To communicate 128MiB of host-pinned memory within a node:
srun -n 2 -N 1 --cpu-bind=sockets intranode_pinned_host_comm 2 5 pinned_host $((1 << 27))
The program will likely output something like:
mem_type: pinned_host
p2p_size: 134217728
[-1] time: 3.97116
Doing MPI_Send/Recv from rank 0 to rank 1, of 134217728 bytes
[0:0] time: 0.0246628
[0:1] time: 0.020258
[0:2] time: 0.0187662
[0:3] time: 0.0189267
[0:4] time: 0.0190948
[1:0] time: 0.0243361
[1:1] time: 0.0200991
[1:2] time: 0.0186949
[1:3] time: 0.0186447
[1:4] time: 0.0189611
Communicating via the NIC within a node:
MPIR_CVAR_NO_LOCAL=1 srun -n 2 -N 1 --cpu-bind=sockets intranode_pinned_host_comm 2 5 pinned_host $((1 << 27))
will likely result in something like:
PE 0: MPICH Warning: MPICH_NO_LOCAL is set to 1.
This setting disables all intra-node MPI optimizations.
In addition, on systems with multiple NICs per node, this setting
forces HPE Cray MPI to only use a single NIC on each node.

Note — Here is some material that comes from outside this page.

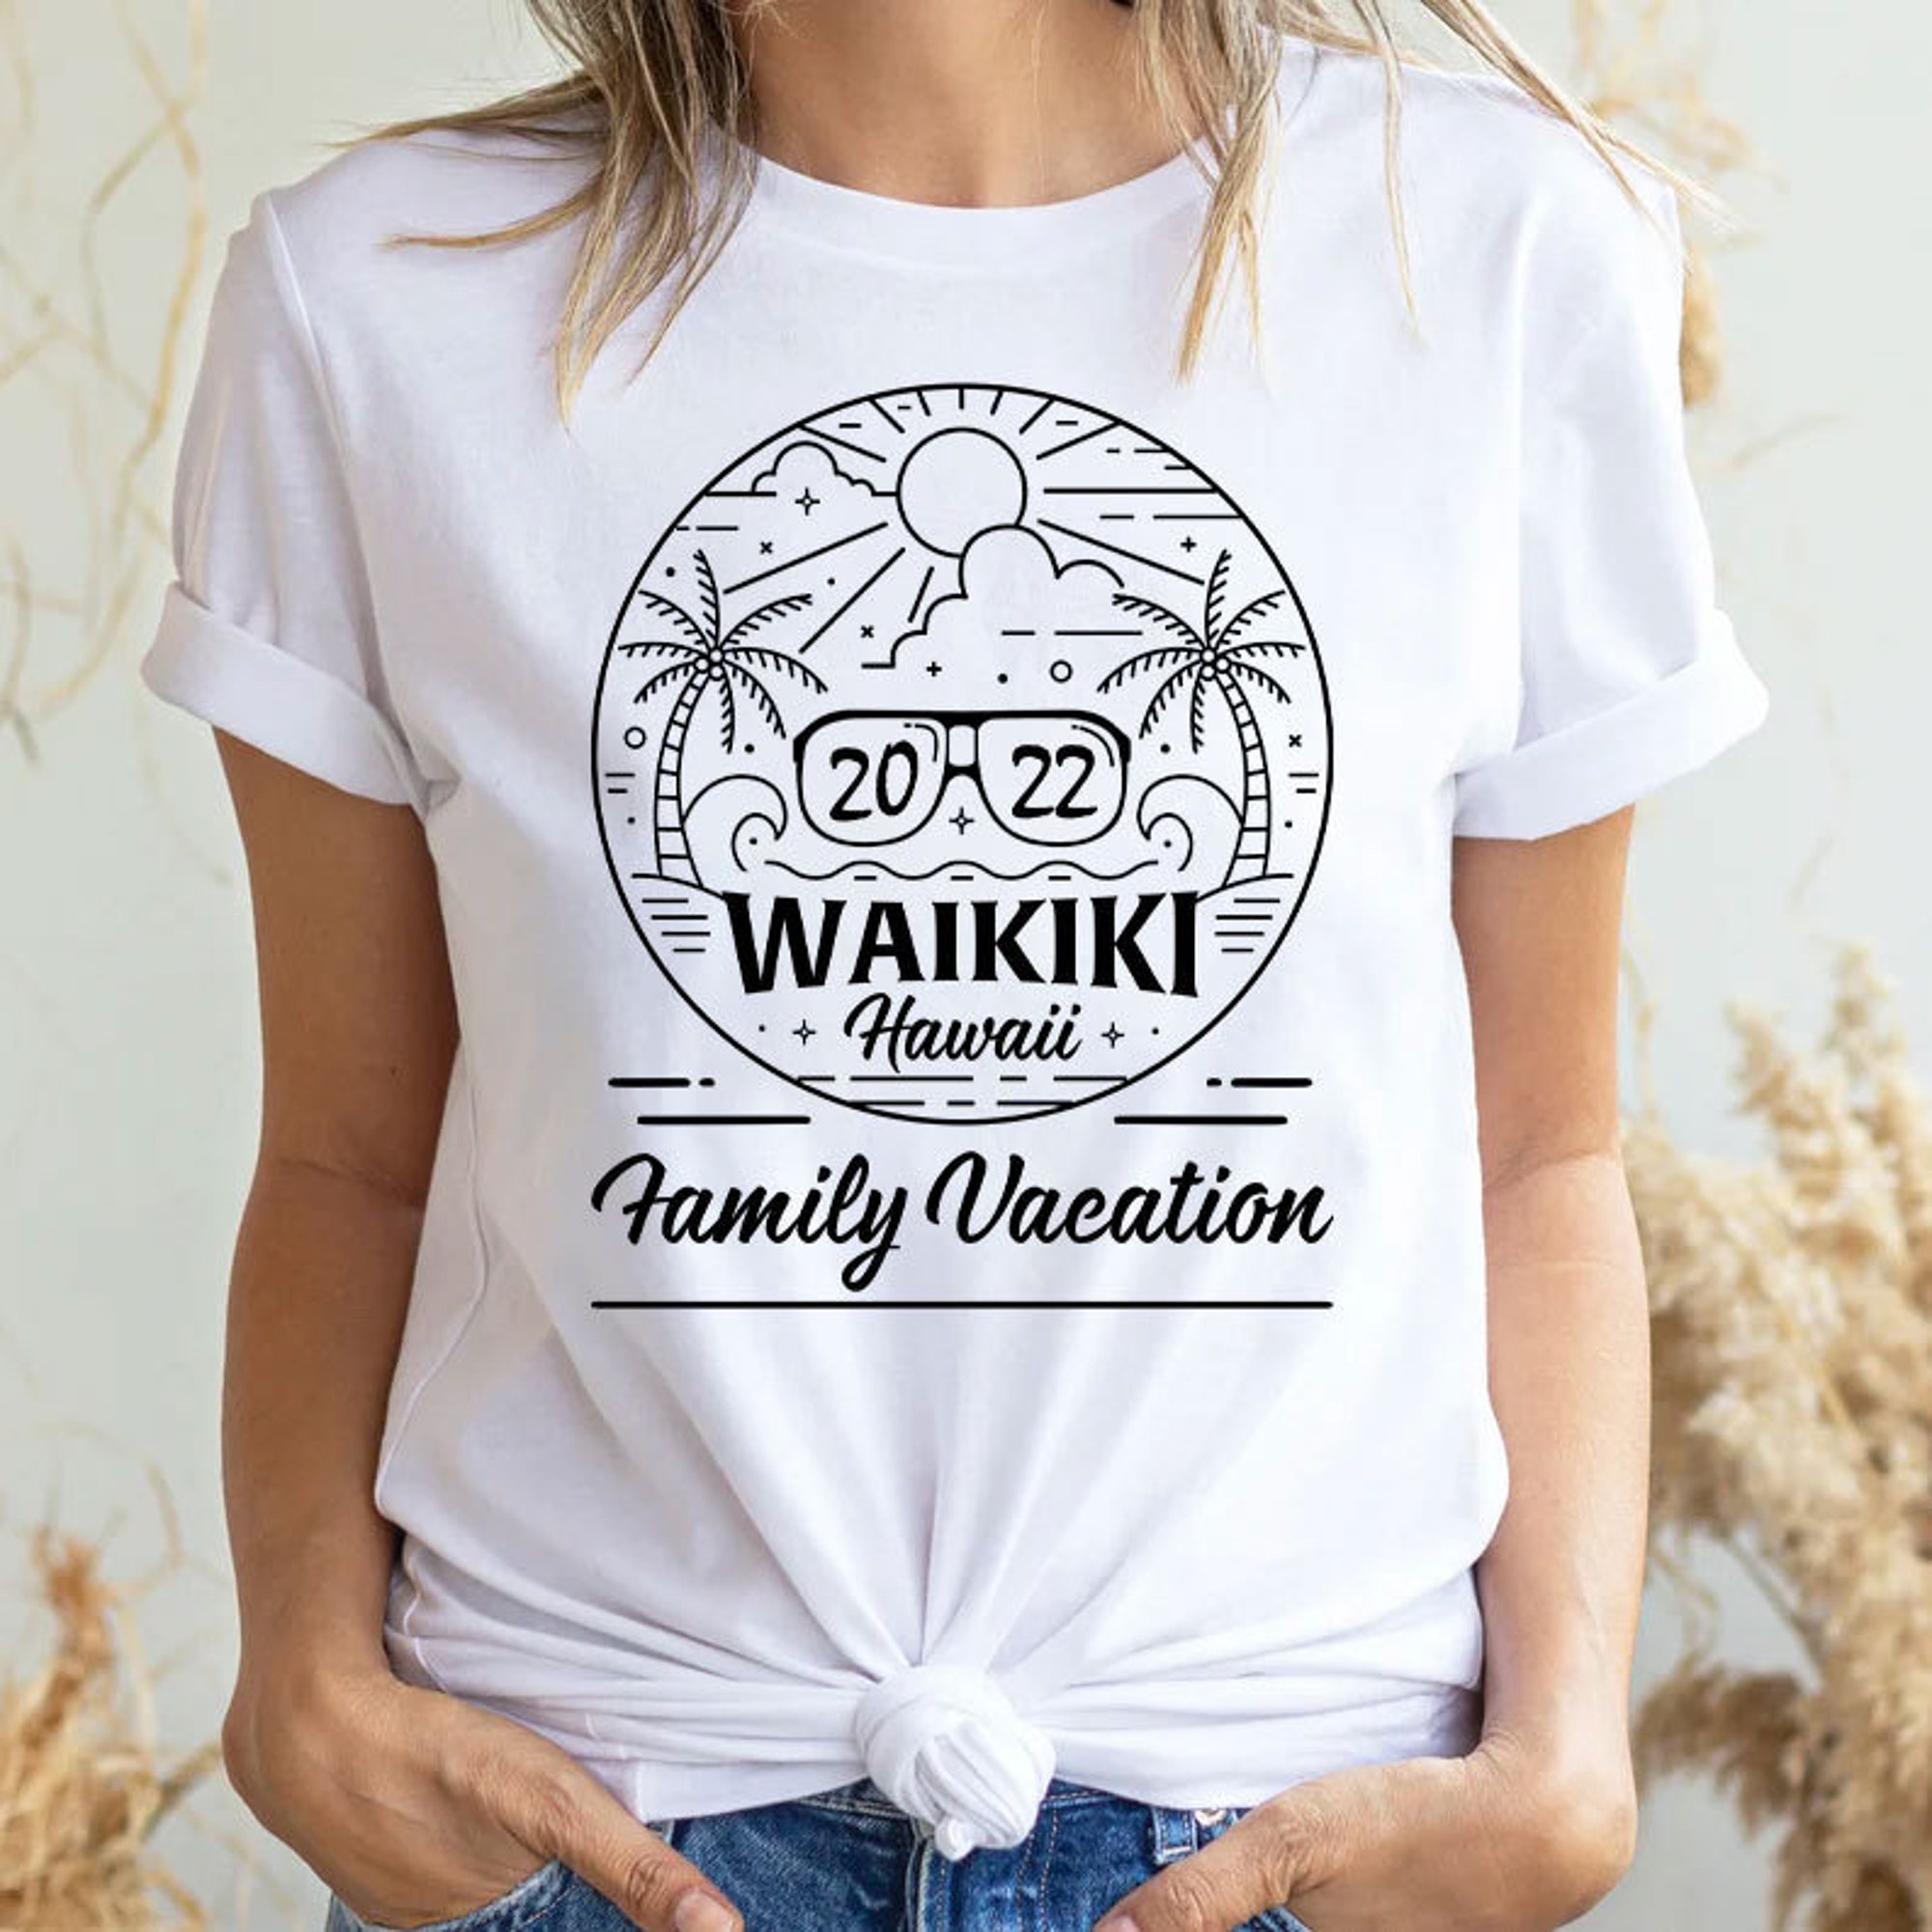 Discover Custom Family Vacation Shirts, Family Beach Shirt, Matching T-shirt,  Summer Camp Shirt, Family Trip 2022 Shirt, Group Vacation Shirt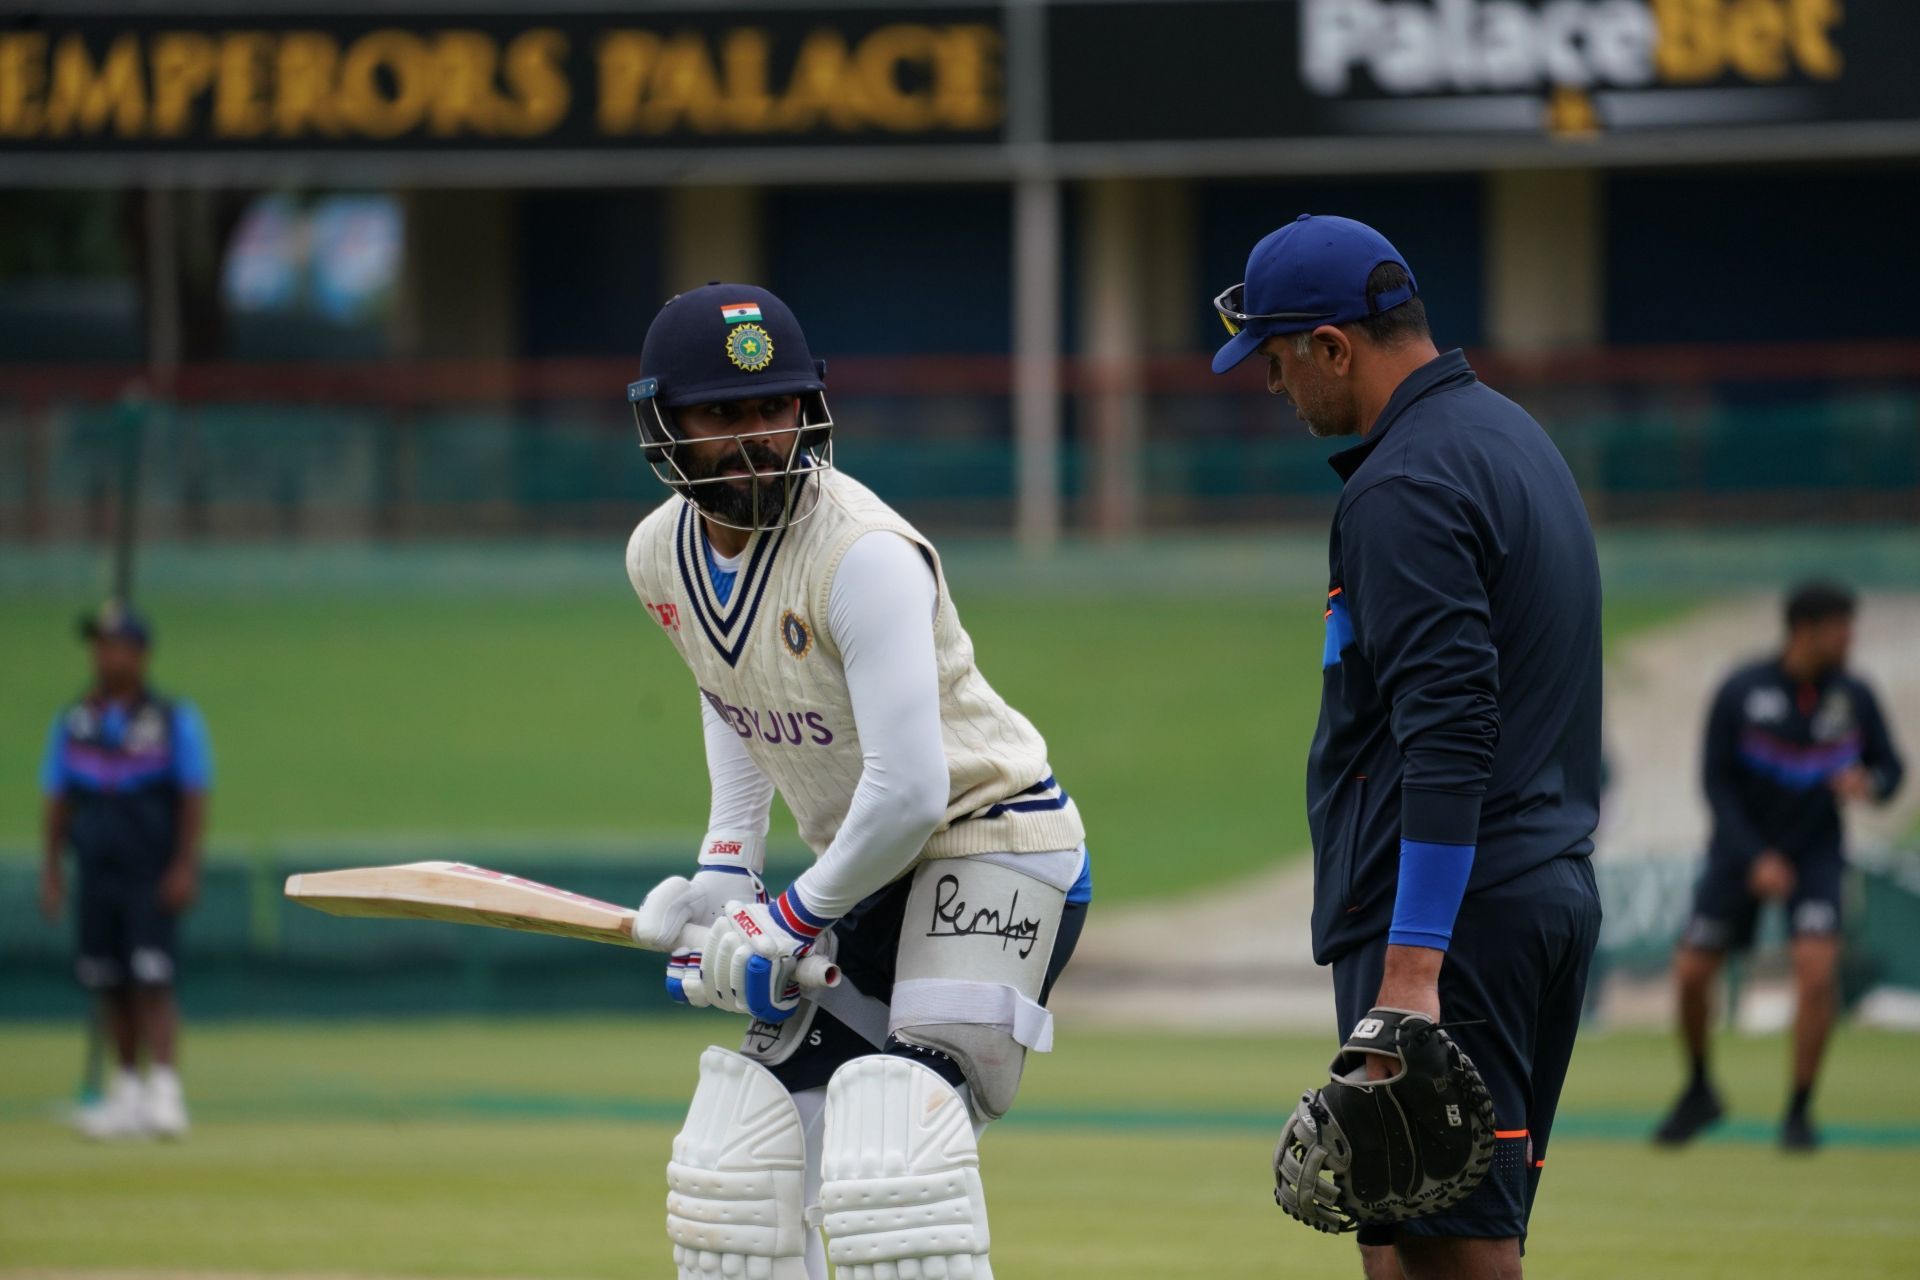 India head coach Rahul Dravid giving his batting inputs to skipper Virat Kohli

This
setting is intended only for debugging and may significantly
impact MPI performance.
mem_type: pinned_host
p2p_size: 134217728
[-1] time: 0.0153468
Doing MPI_Send/Recv from rank 0 to rank 1, of 134217728 bytes
[0:0] time: 0.0104991
[0:1] time: 0.00576195
[0:2] time: 0.00576105
[0:3] time: 0.00576077
[0:4] time: 0.00576077
[1:0] time: 0.00912396
[1:1] time: 0.00576182
[1:2] time: 0.00576217
[1:3] time: 0.00575993
[1:4] time: 0.00575907
After the first iteration per allocation, the communication is roughly four times faster than when using CMA.
Communicating via the NIC with ranks across nodes:
srun -n 2 -N 2 --cpu-bind=sockets intranode_pinned_host_comm 2 5 pinned_host $((1 << 27))
performs similarly to going over the NIC within a node:
mem_type: pinned_host
p2p_size: 134217728
[-1] time: 0.0142898
Doing MPI_Send/Recv from rank 0 to rank 1, of 134217728 bytes
[0:0] time: 0.00710427
[0:1] time: 0.0056088
[0:2] time: 0.00560714
[0:3] time: 0.00560653
[0:4] time: 0.00560583
[1:0] time: 0.00701528
[1:1] time: 0.00560708
[1:2] time: 0.00560733
[1:3] time: 0.00560672
[1:4] time: 0.00560602
Running the program without CPU binding:
srun -n 2 -N 1 --cpu-bind=none intranode_pinned_host_comm 2 5 host $((1 << 27))
performs better than the bound case, but not as well as the NIC case. CPU bindings are typically required to otherwise get good performance:
mem_type: pinned_host
p2p_size: 134217728
[-1] time: 3.91474
Doing MPI_Send/Recv from rank 0 to rank 1, of 134217728 bytes
[0:0] time: 0.00950821
[0:1] time: 0.0101551
[0:2] time: 0.00936332
[0:3] time: 0.0092744
[0:4] time: 0.00961944
[1:0] time: 0.0112646
[1:1] time: 0.0100813
[1:2] time: 0.00953244
[1:3] time: 0.00978142
[1:4] time: 0.0095964
Communicating from unpinned host memory, with or without the NIC:
srun -n 2 -N 1 --cpu-bind=sockets intranode_pinned_host_comm 2 5 host $((1 << 27))
performs better than all the cases above, but similarly to when using the NIC (approximately 2x faster than the NIC case, approximately 8x faster than the CMA pinned host memory case):
mem_type: host
p2p_size: 134217728
[-1] time: 3.14696
Doing MPI_Send/Recv from rank 0 to rank 1, of 134217728 bytes
[0:0] time: 0.00828594
[0:1] time: 0.00282664
[0:2] time: 0.00293067
[0:3] time: 0.002938
[0:4] time: 0.00282891
[1:0] time: 0.00903648
[1:1] time: 0.00297793
[1:2] time: 0.00294309
[1:3] time: 0.00290744
[1:4] time: 0.00287154
Communicating smaller does not seem to suffer as much when using pinned host memory.